Molly Eichel of The A.V. Club gave the episode a "B+" grade and wrote, "Diaz and Santiago's plot was less thrilling than the rest: Diaz is offered a job as Captain in a boring suburb, exposing Santiago’s jealous ambition. It was nicely book-ended with an overeager Santiago kowtowing to authority figure Holt and her admission that in a family of seven boys, competition was the way to success. I wasn't happy about the prospect of comedy derived from women's cattiness, but Diaz's short moment of sentimentality, that women in male-dominated fields need to stick together, worked without feeling heavy-handed or cheesy. Unlike Santiago, it didn't overstep its moment."

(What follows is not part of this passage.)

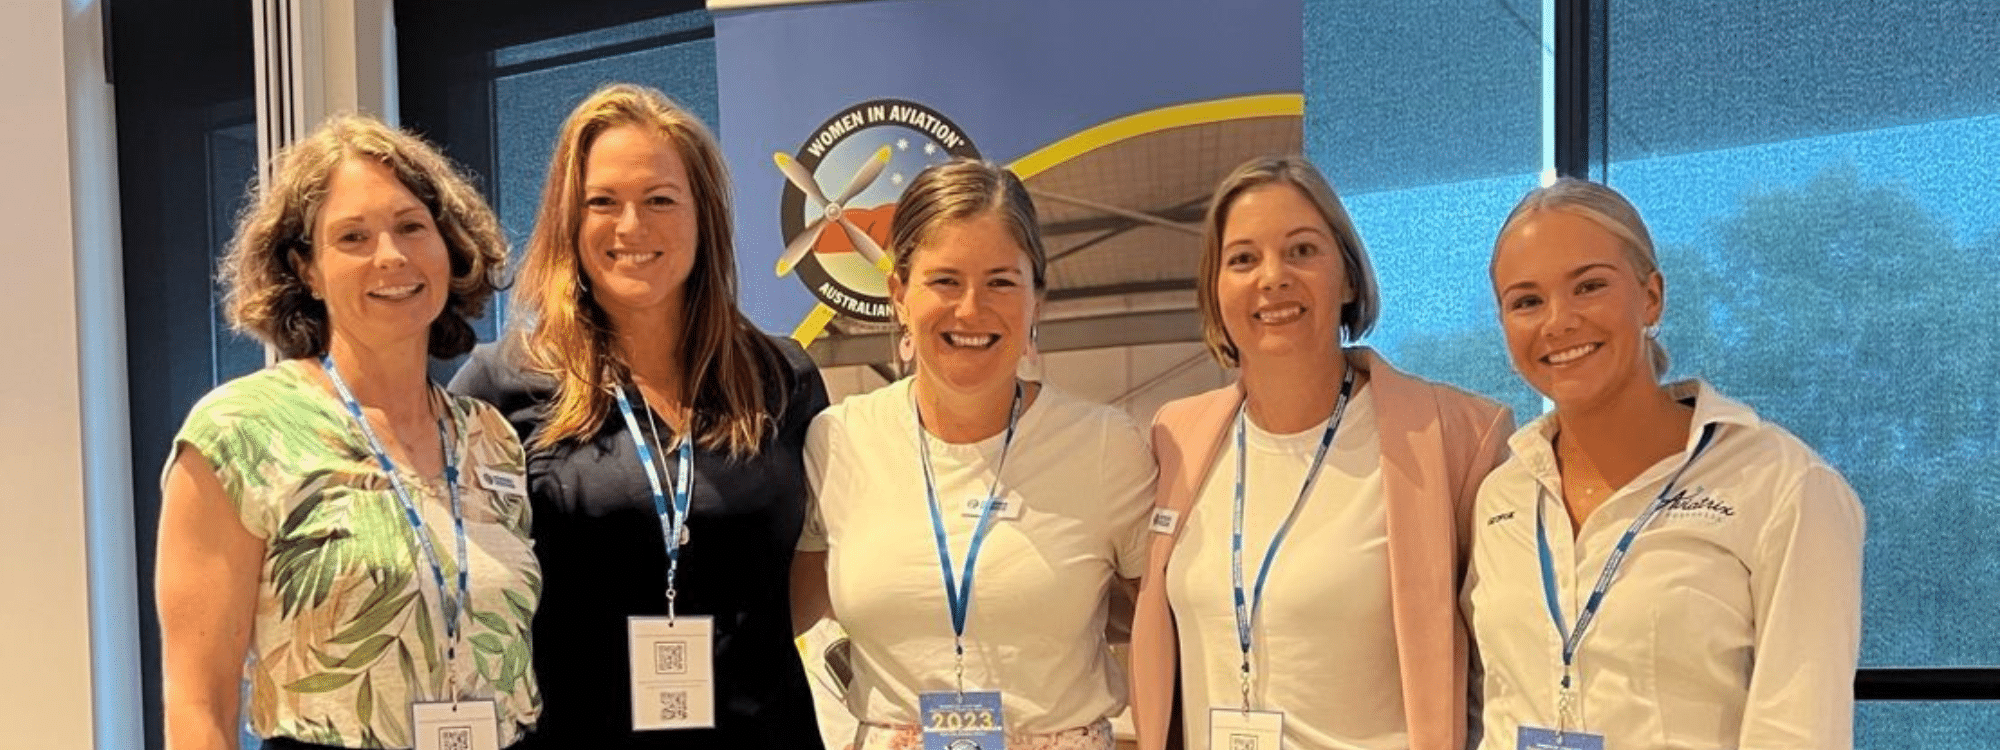 Five happy women in the Women in Aviation 2023 Scholarship Program

Alan Sepinwall of HitFix wrote, "'Sal's Pizza' was another episode that didn't quite have Jake dialed in right, but that worked anyway because the supporting characters have become so rich so quickly. So even though Jake was again being a little kid – even his motivation for chasing the arson investigation came from childhood (which did not, as I briefly suspected, turn out to be a lie to shut up Marshal Boone) – Charles' foodie habits, plus Patton Oswalt being Patton Oswalt (*), were amusing enough to carry the A-story." Aaron Channon of Paste gave the episode a 7.6 out of 10 and wrote, "If there's ever an episode such as this one where Samberg's Peralta is limited to 'You're a fireman, so you should know how to treat that burn,' there are a half dozen co-stars to back him up by crushing Magic 8-Balls with their bare hands or describing the inside of cheeks as 'thighs with tongues.' The series has come a long way in a short time from the pilot when it seemed that the series was destined to be carried entirely by Samberg and Braugher. 'Sal's Pizza,' despite its flaws, is a testament to that growth."